■ RECORDS FOR THE EXERCISE ■
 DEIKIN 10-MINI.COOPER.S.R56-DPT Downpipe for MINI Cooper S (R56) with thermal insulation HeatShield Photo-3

--

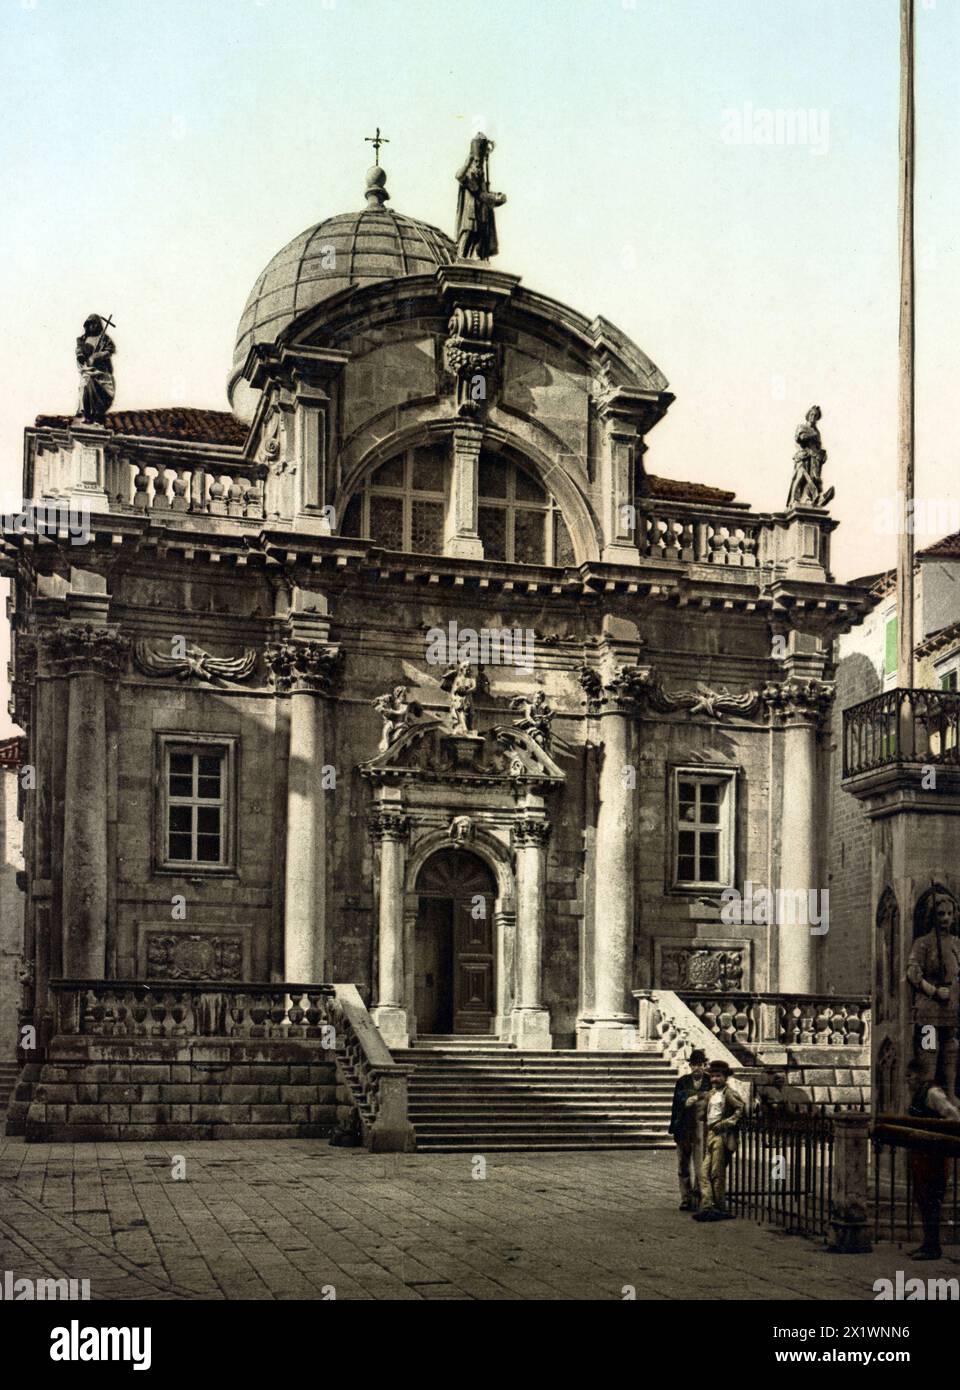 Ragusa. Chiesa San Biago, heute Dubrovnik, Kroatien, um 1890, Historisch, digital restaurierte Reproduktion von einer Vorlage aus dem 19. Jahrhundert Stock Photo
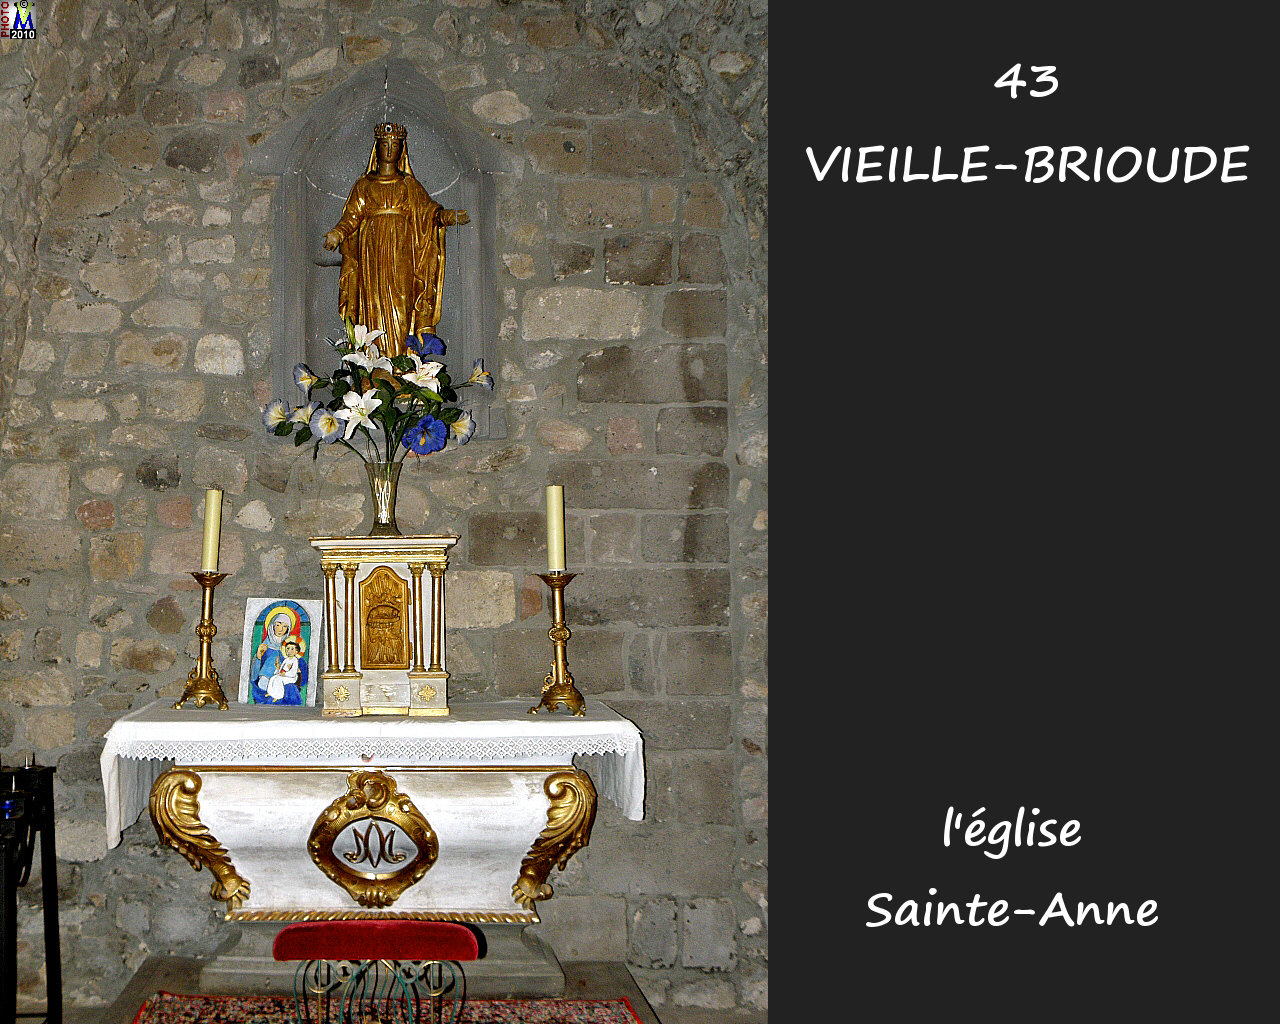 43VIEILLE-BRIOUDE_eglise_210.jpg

--

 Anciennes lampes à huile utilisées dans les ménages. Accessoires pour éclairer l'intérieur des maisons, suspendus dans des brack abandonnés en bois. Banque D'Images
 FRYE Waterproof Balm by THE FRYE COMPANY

■ WHAT THIS TASK INVOLVES ■
Find "Anciennes lampes à" in the entries above and copy that whole line exactly, then each line after it through the line that contains "FRYE Waterproof Balm by THE FRYE COMPANY".

■ WORKED SOLUTION ■
 Anciennes lampes à huile utilisées dans les ménages. Accessoires pour éclairer l'intérieur des maisons, suspendus dans des brack abandonnés en bois. Banque D'Images
 FRYE Waterproof Balm by THE FRYE COMPANY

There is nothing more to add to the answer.